宇部興産とセントラル硝子で株主総会

3月期決算企業の株主総会は27日、ピークを迎え、東証によると、上場企業の38・7%に当たる918社が一斉に開催した。宇部市内でも1部上場の宇部興産、セントラル硝子、チタン工業などで総会が行われ、株主たちは経営陣からの業績報告や今後の方針を聞いた。

宇部興産(竹下道夫社長)の第108回株主総会は午前10時からANAクラウンプラザホテル宇部であり、株主1484人が出席し、1株当たりの配当を5円とする剰余金処分案など、議案4件を原案通り承認した。総会は62分で閉会した。
事業報告では、第108期(2013年4月1日~14年3月31日)の連結の売上高、営業利益、経常利益、当期純利益のほか、化成品・樹脂、機能品・ファインなど事業別の概況を紹介した。
今後について竹下社長は、化学部門の収益力の回復を最大の課題とし「変化の激しい各事業の戦略を改めて見直し、グローバル展開や徹底したコストダウンなど、これまでの取り組みを一層スピードアップし、早期立て直しに全力を挙げたい。株主や資本市場、取引先・従業員・地域社会等、全てのステークホルダー(利害関係者)からの信頼を深めていきたい」と語った。
質問は2人からあり、化学部門の立て直しの具体策、卸電力(IPP)発電所のトラブルの原因、再稼働の時期、影響額などを聞き、竹下社長らが答えた。決議では取締役7人の選任など4議案を可決。総会後は、退任、新任役員の紹介、今期の業績見通しなどの説明もあった。
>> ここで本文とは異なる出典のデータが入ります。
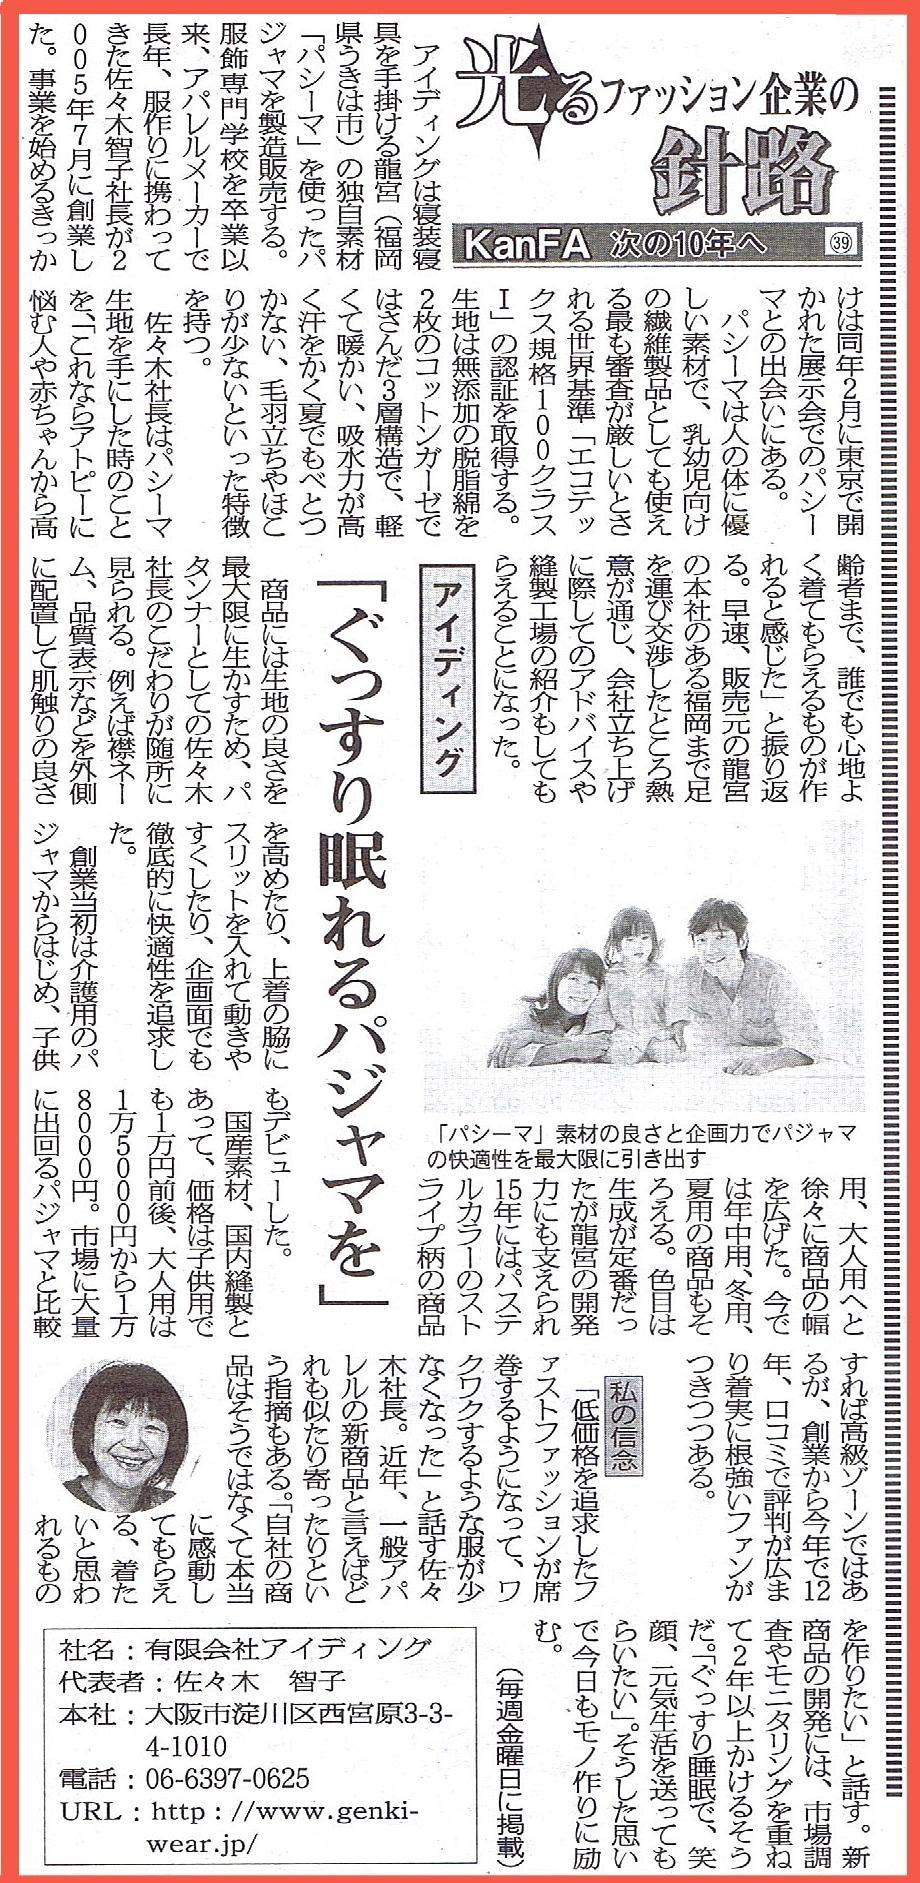 繊維ニュース 掲載2017年1月20日記事

セントラル硝子(皿澤修一社長)は午前10時から、同社宇部工場で第100回定時株主総会を開き、株主205人が出席。決議では、取締役10人選任の議案を原案通り承認・可決した。質問は無く、25分で閉会した。
皿澤社長は第100期(2013年4月1日~14年3月31日)について、売上高は1915億8100万円、経常利益は117億1500万円、当期純利益は50億300万円と、いずれも前期を上回ったことを報告。ガラス事業、化成品事業の事業別の成績や、期末配当は1株当たり4円としたことも説明した。
今後については「国内の景気は回復基調にあるが、消費税率引き上げによる消費への影響、新興国経済の下ぶれリスクなど、懸念材料も残っており、グループを取り巻く環境は予断を許さない状況が続くと思われる」と予測。「生産販売体制の強化、原価低減の推進など効率化を進めるとともに、基幹事業での構造改革の推進、研究開発と技術開発の強化、成長分野への経営資源の重点的な投入や海外展開の加速により、グループ企業力の強化に努めたい」と述べた。